Record excerpts>
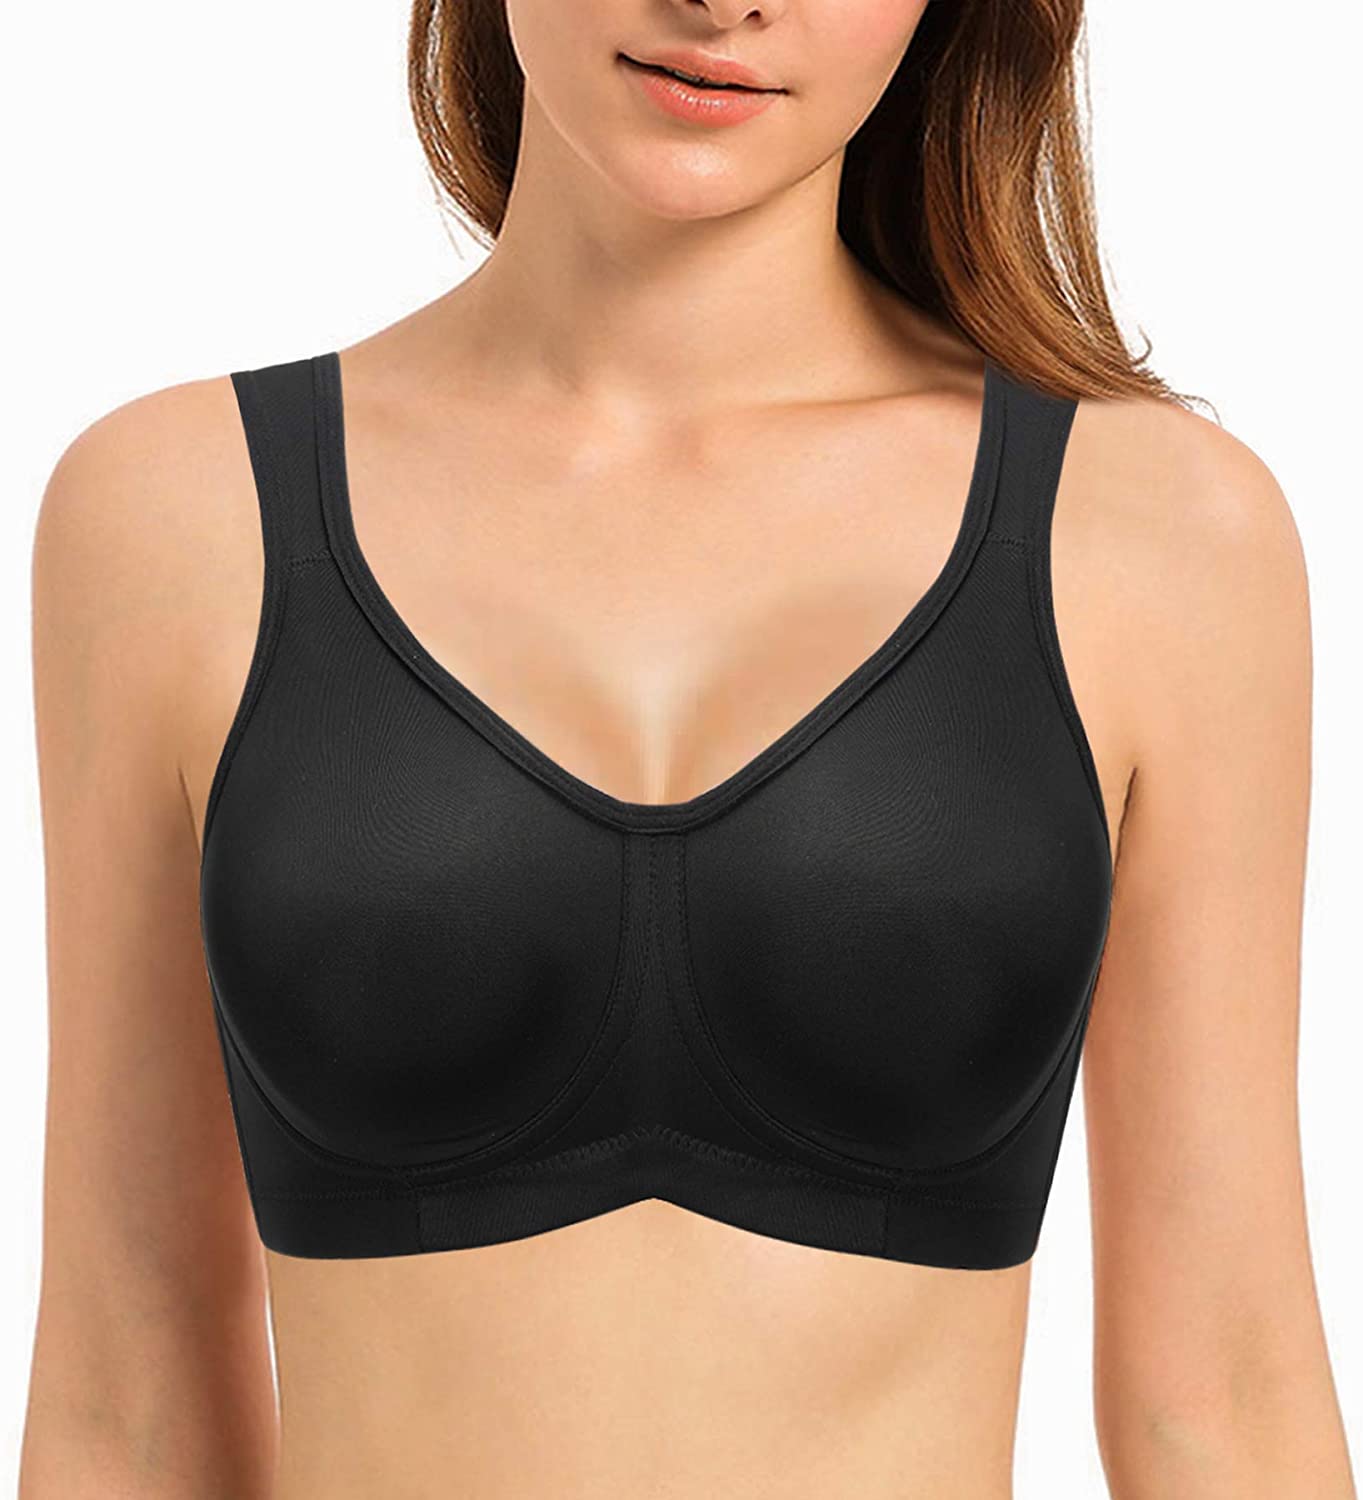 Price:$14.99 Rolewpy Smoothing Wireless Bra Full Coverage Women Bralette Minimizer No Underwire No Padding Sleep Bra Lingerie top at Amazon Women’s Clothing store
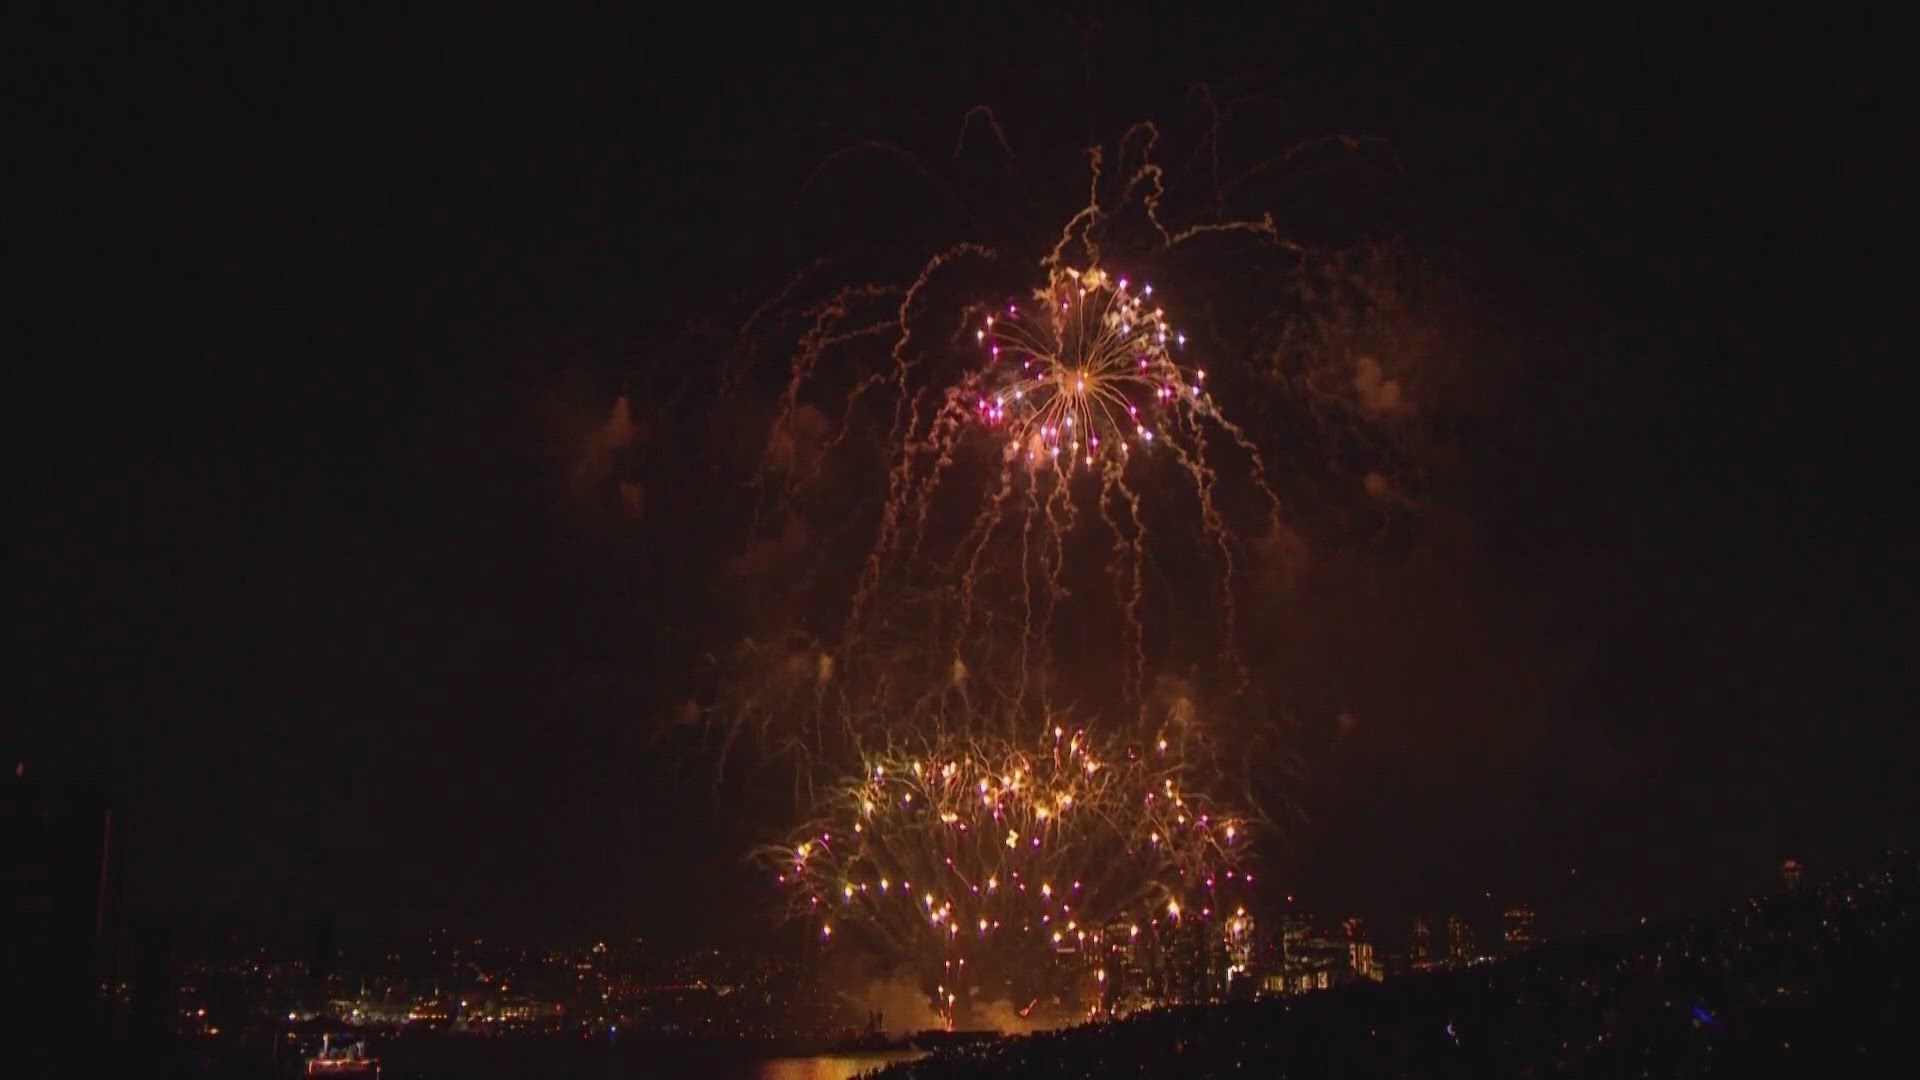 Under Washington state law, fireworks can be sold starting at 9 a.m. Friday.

--

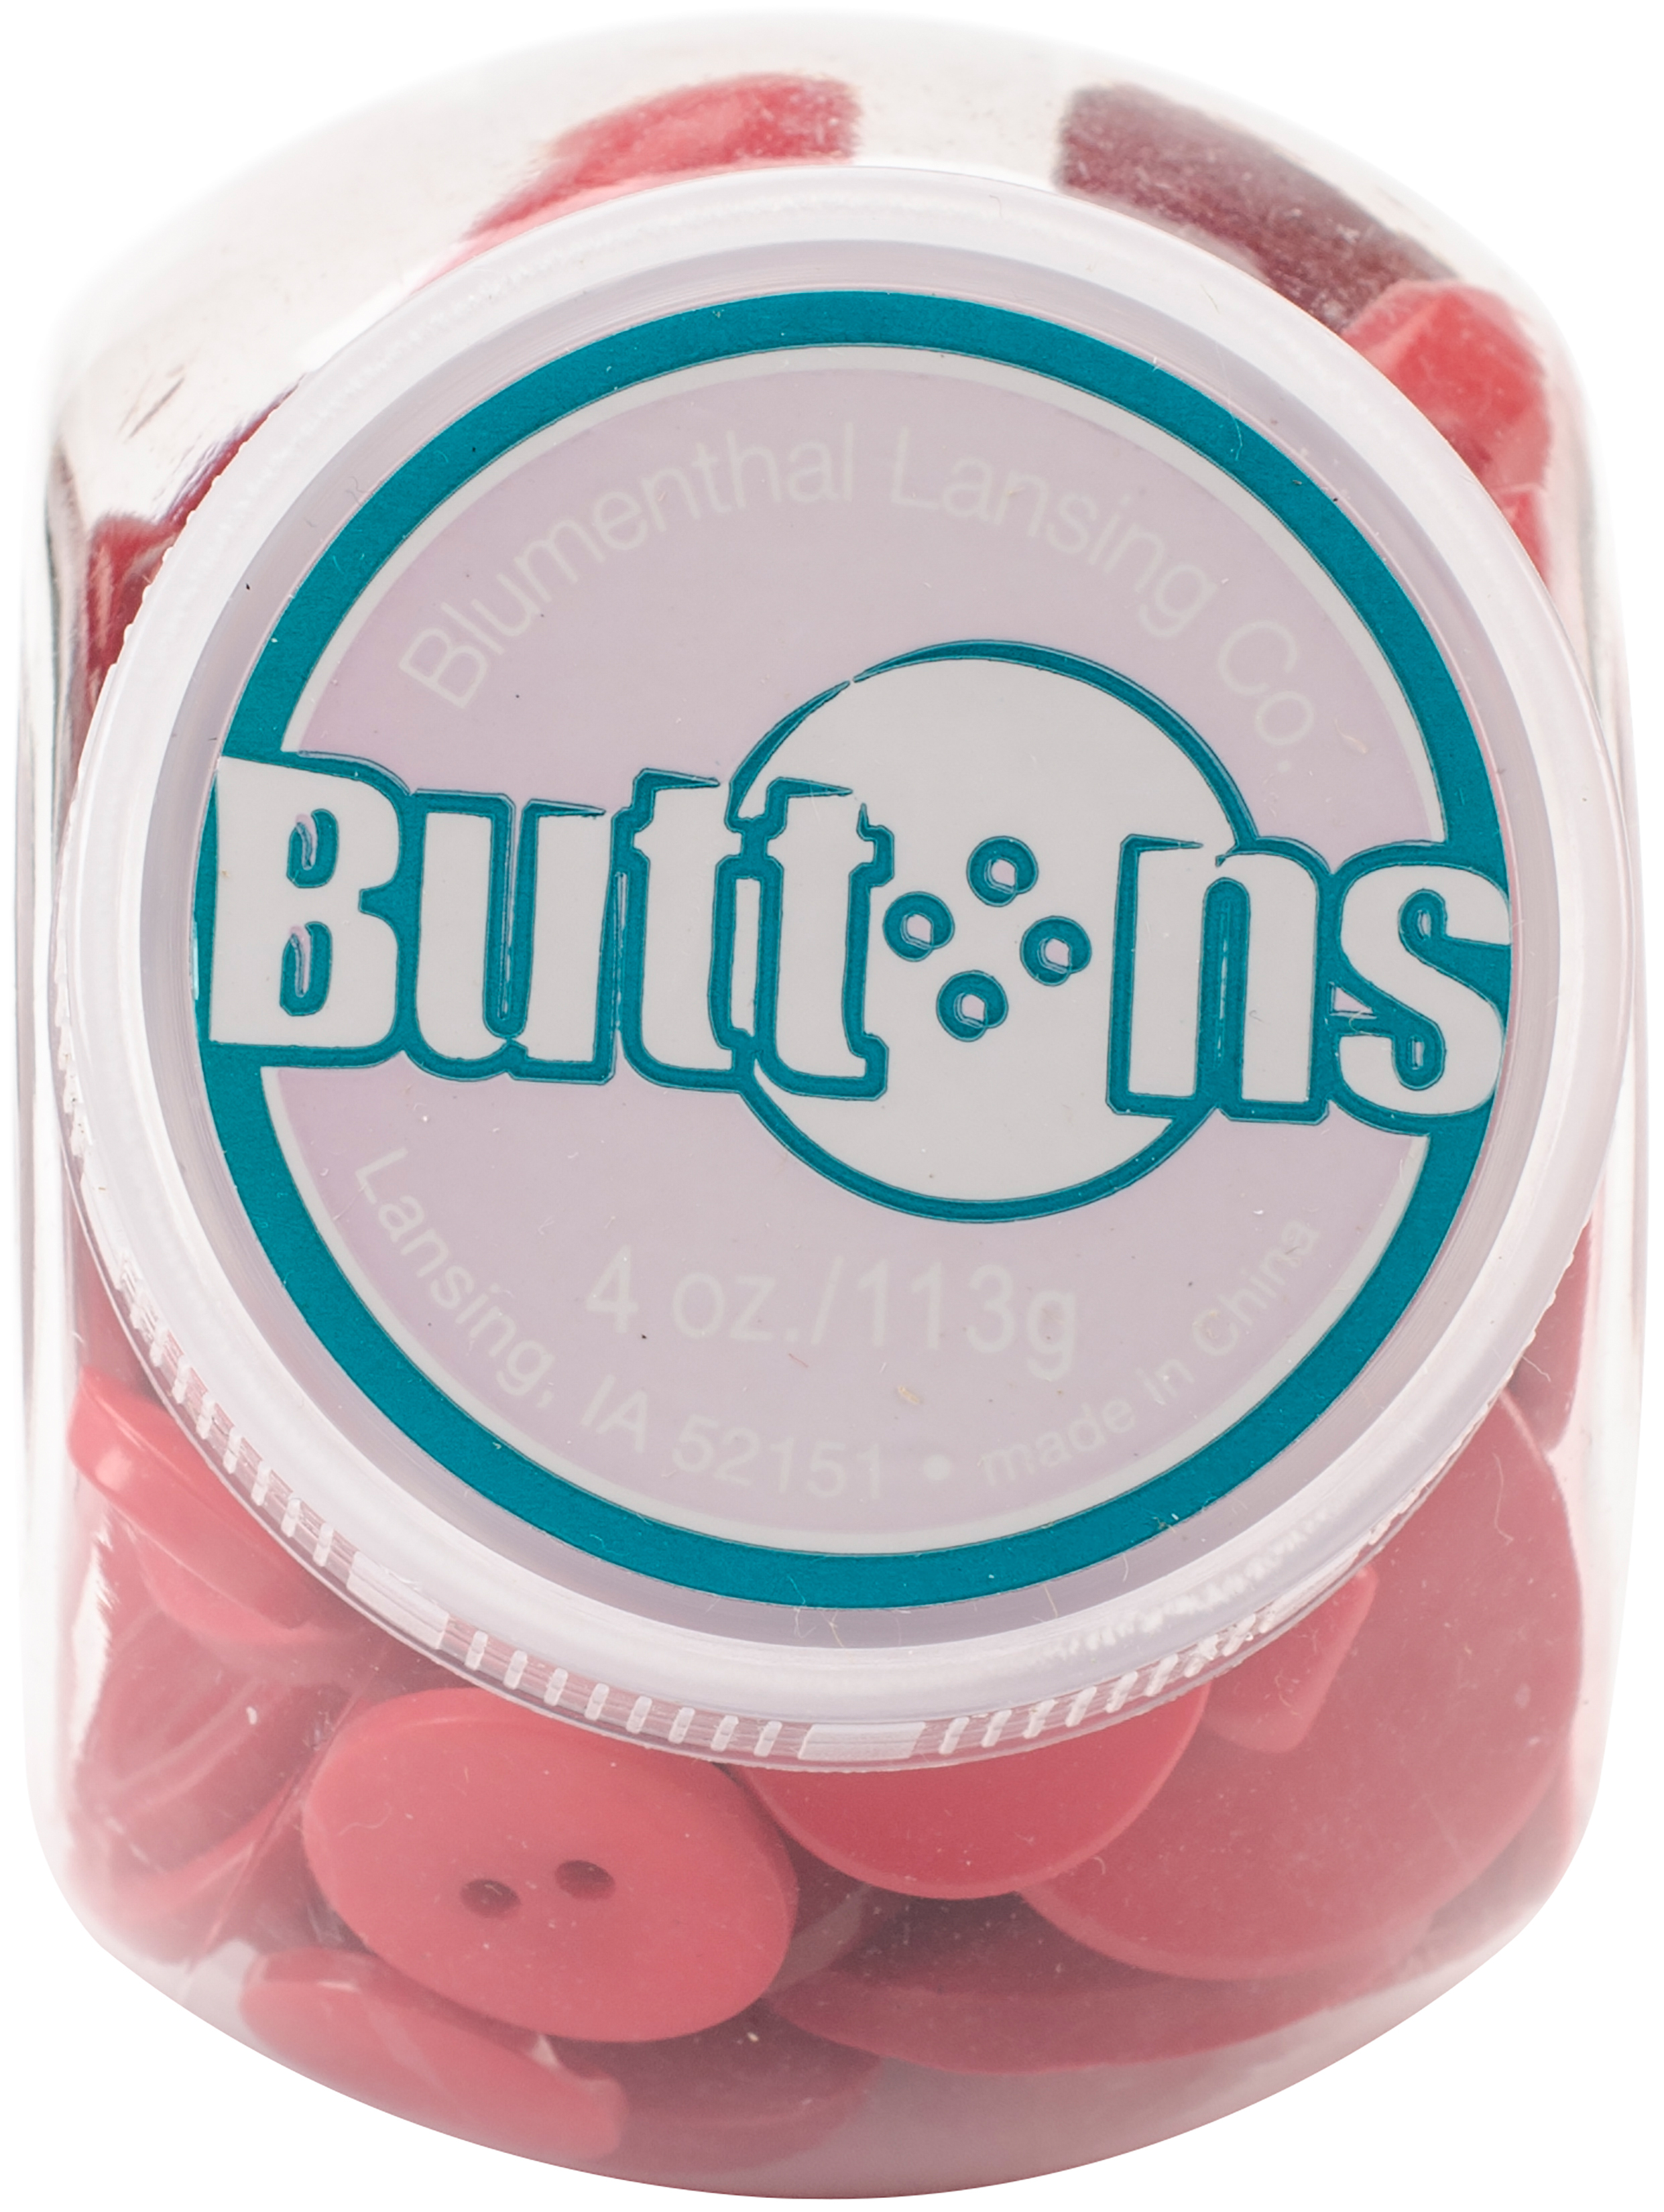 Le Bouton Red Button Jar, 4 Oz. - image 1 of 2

Activity>
In the records above, find the line containing "Price:$14.99 Rolewpy Smoothing" and the line containing "Under Washington state", then give both of them again word for word along with every line between. Omit any pictures.

Response to the task>
 Price:$14.99 Rolewpy Smoothing Wireless Bra Full Coverage Women Bralette Minimizer No Underwire No Padding Sleep Bra Lingerie top at Amazon Women’s Clothing store
 Under Washington state law, fireworks can be sold starting at 9 a.m. Friday.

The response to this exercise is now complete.